[Opening Data extract section]

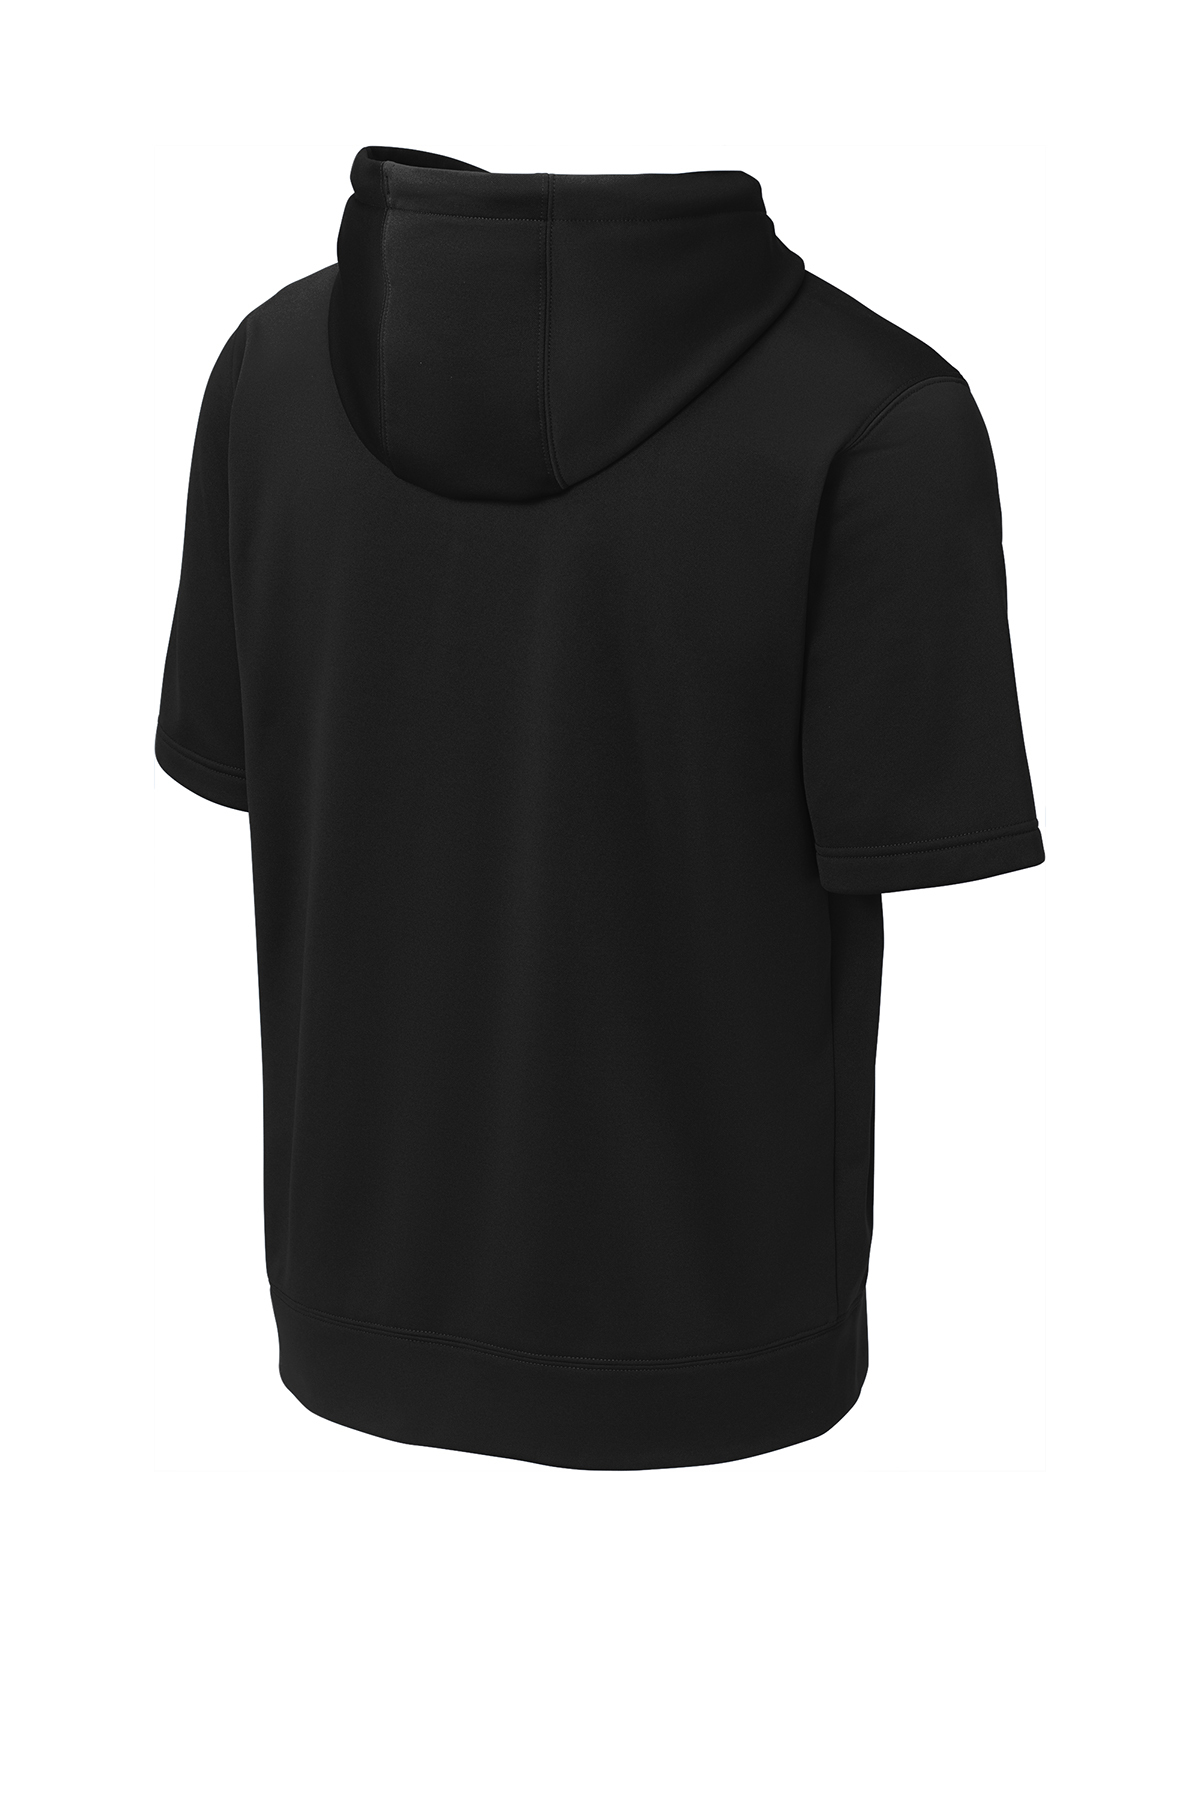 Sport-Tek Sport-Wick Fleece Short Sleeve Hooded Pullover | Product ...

[Closing Data extract section]
[Opening Data extract section]

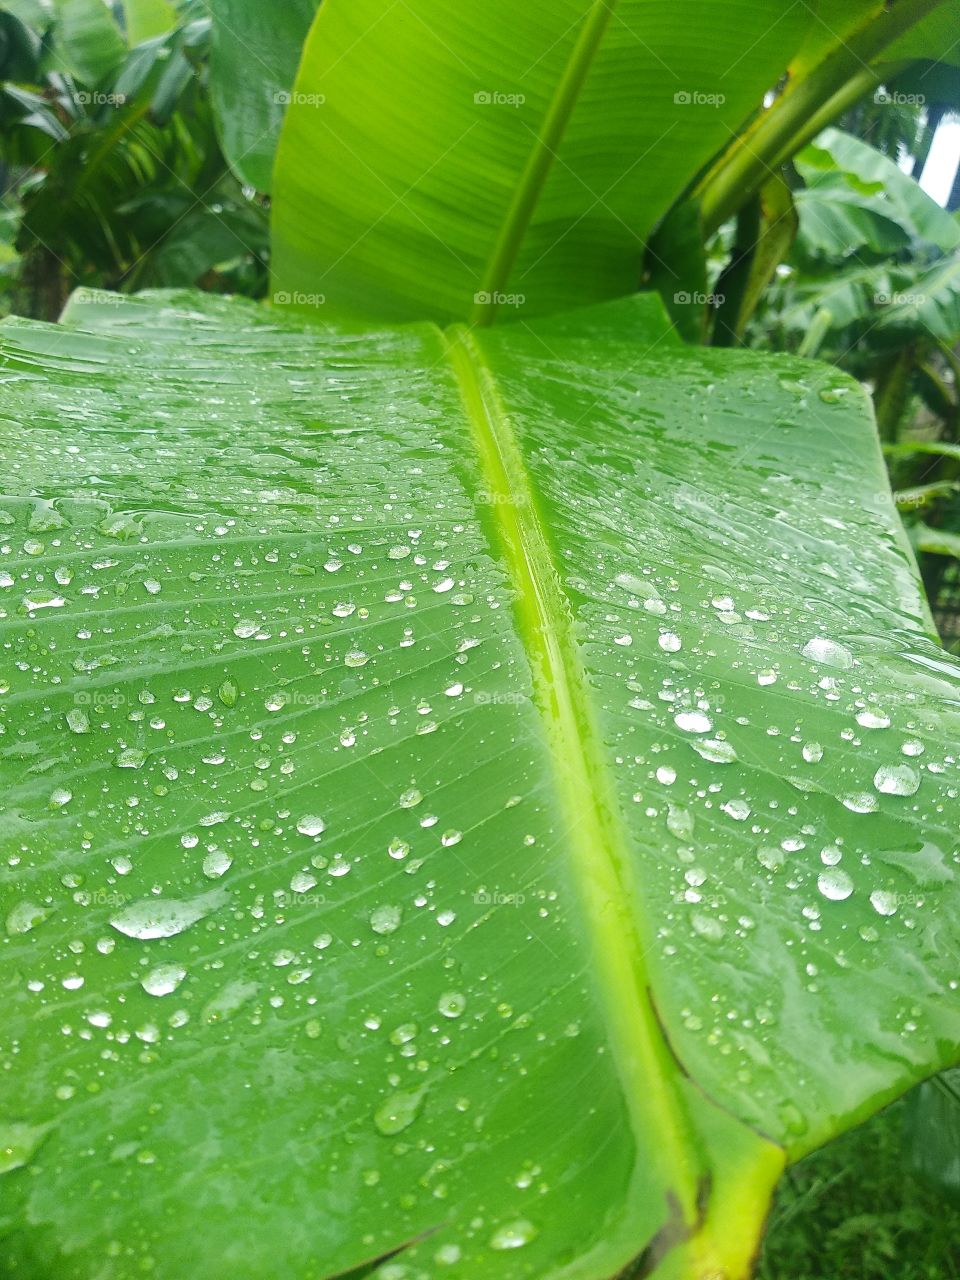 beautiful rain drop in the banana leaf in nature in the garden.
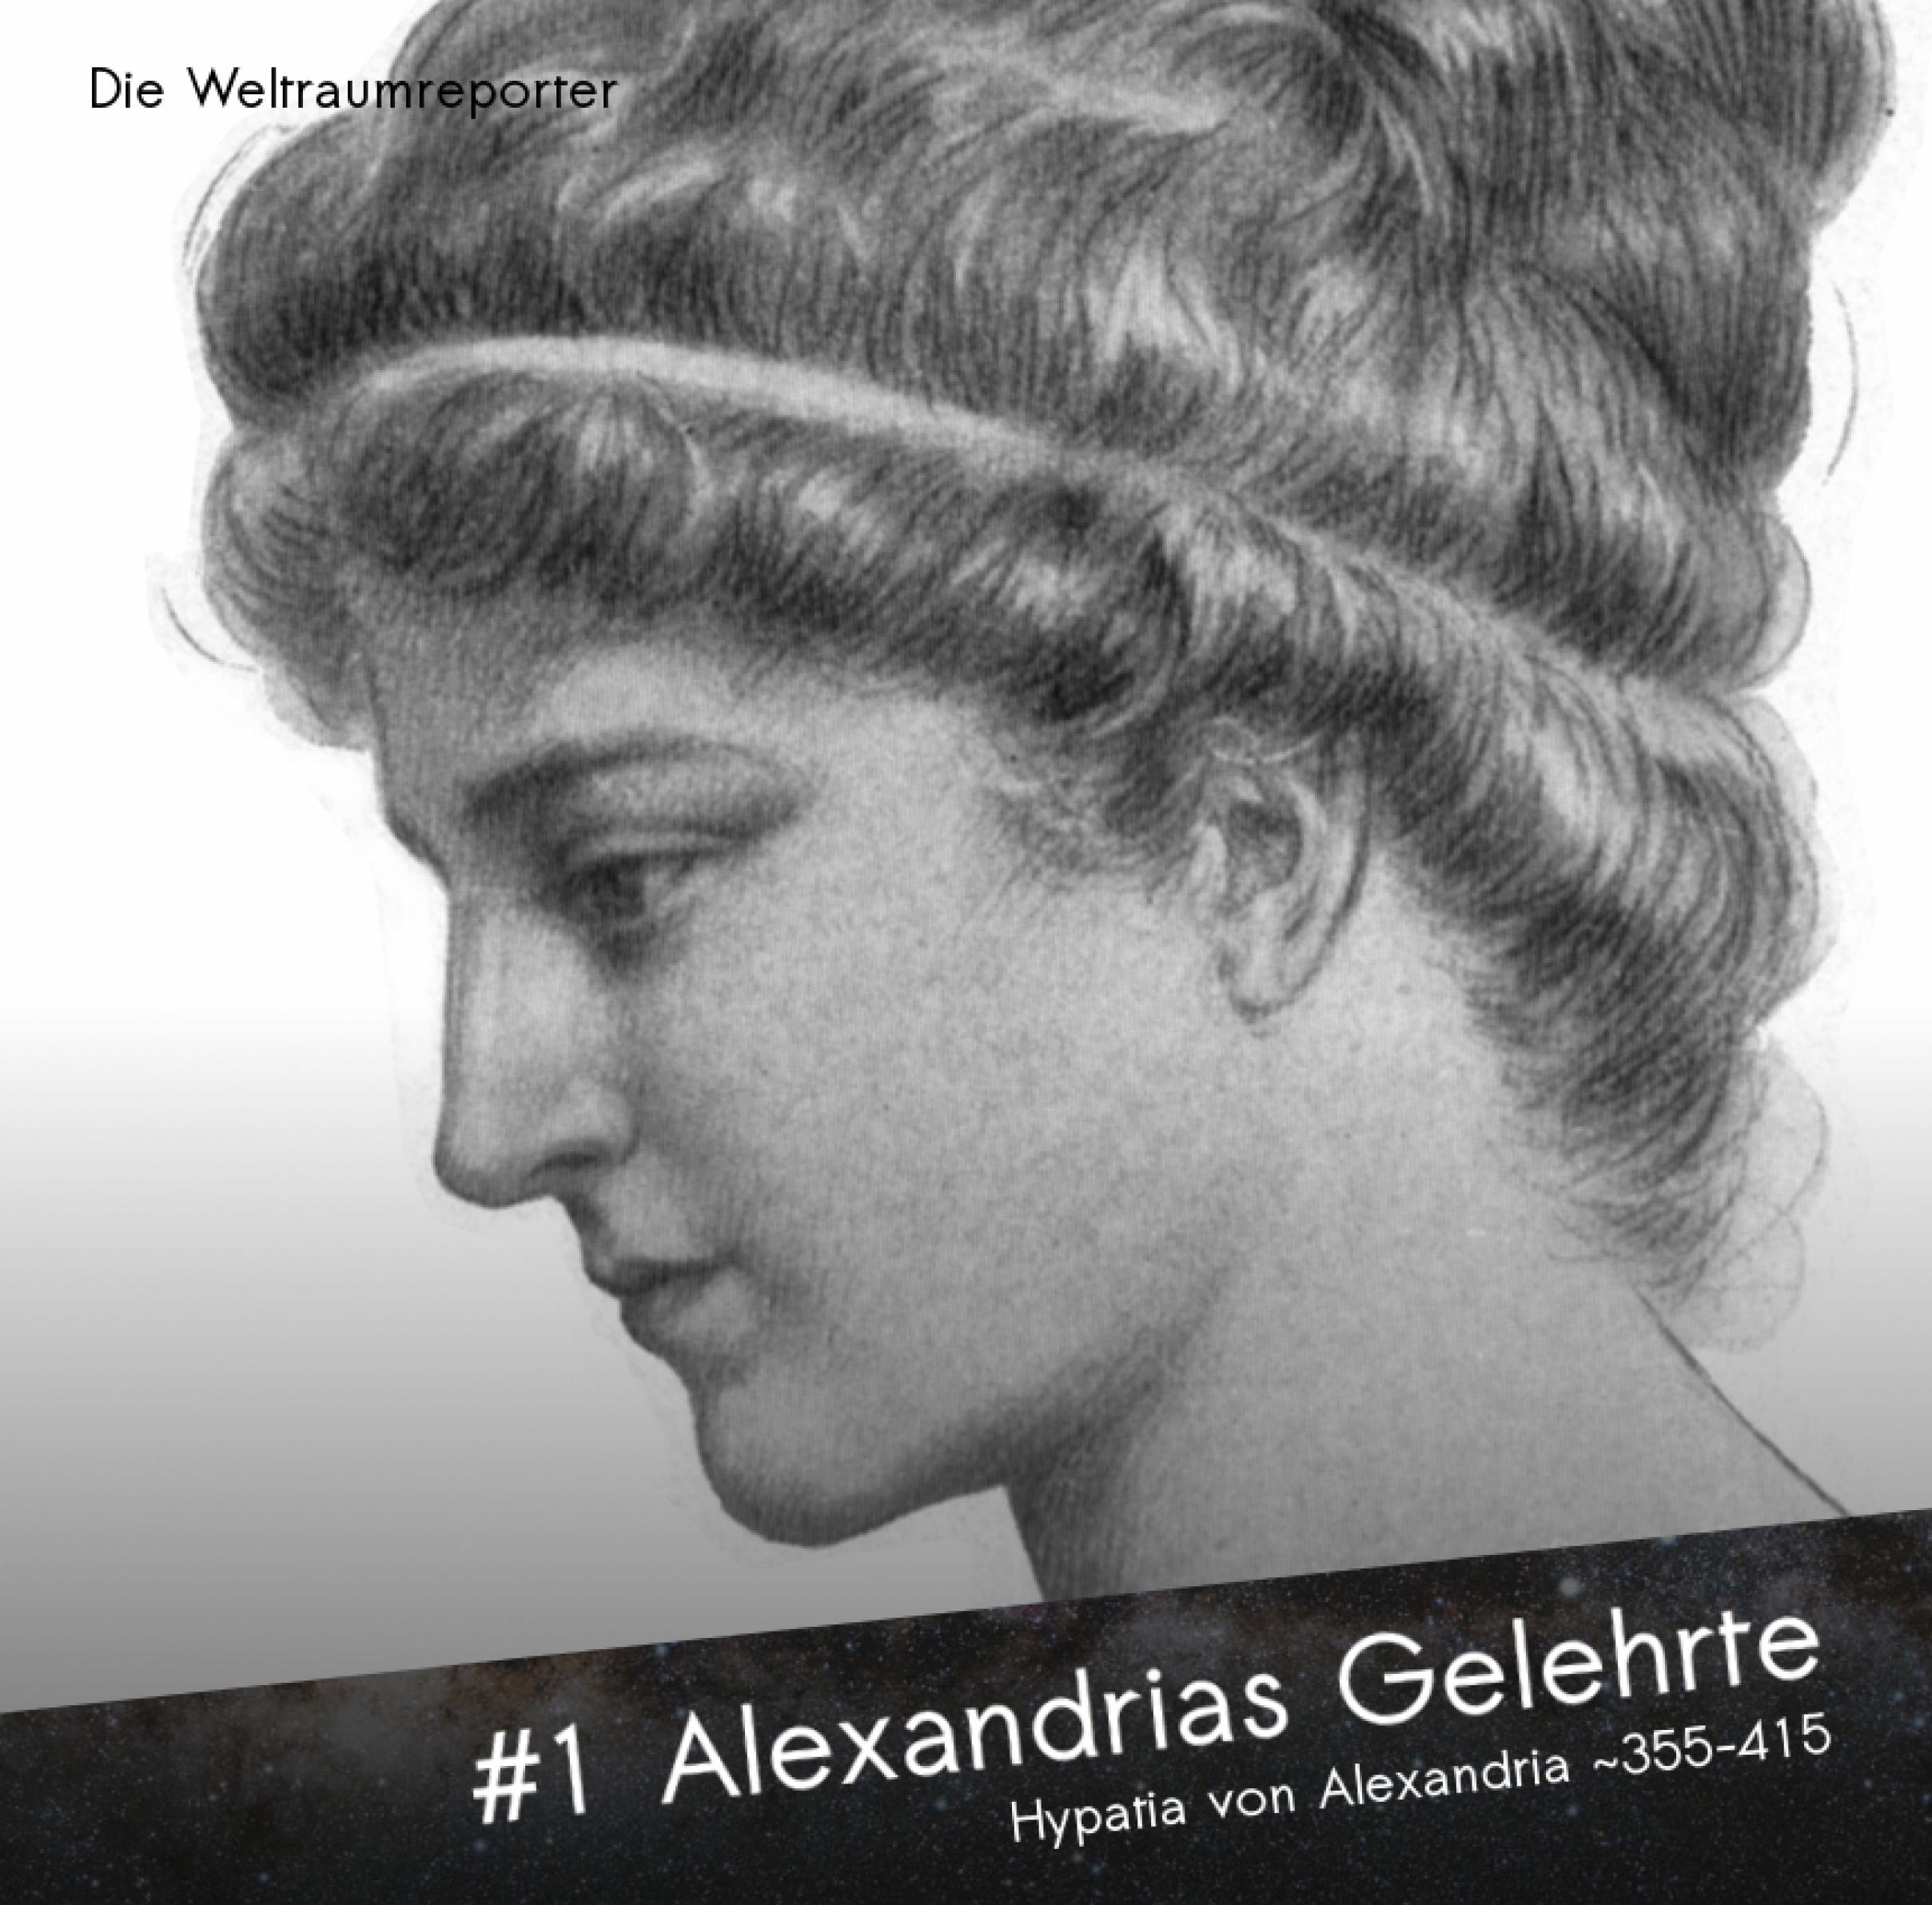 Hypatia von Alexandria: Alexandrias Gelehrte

[Closing Data extract section]

Beginning with the line above that has "beautiful rain drop" and going on through the line that has "Hypatia von Alexandria: Alexandrias Gelehrte", retype every line exactly and add nothing else; drop the pictures.

 beautiful rain drop in the banana leaf in nature in the garden.
 Hypatia von Alexandria: Alexandrias Gelehrte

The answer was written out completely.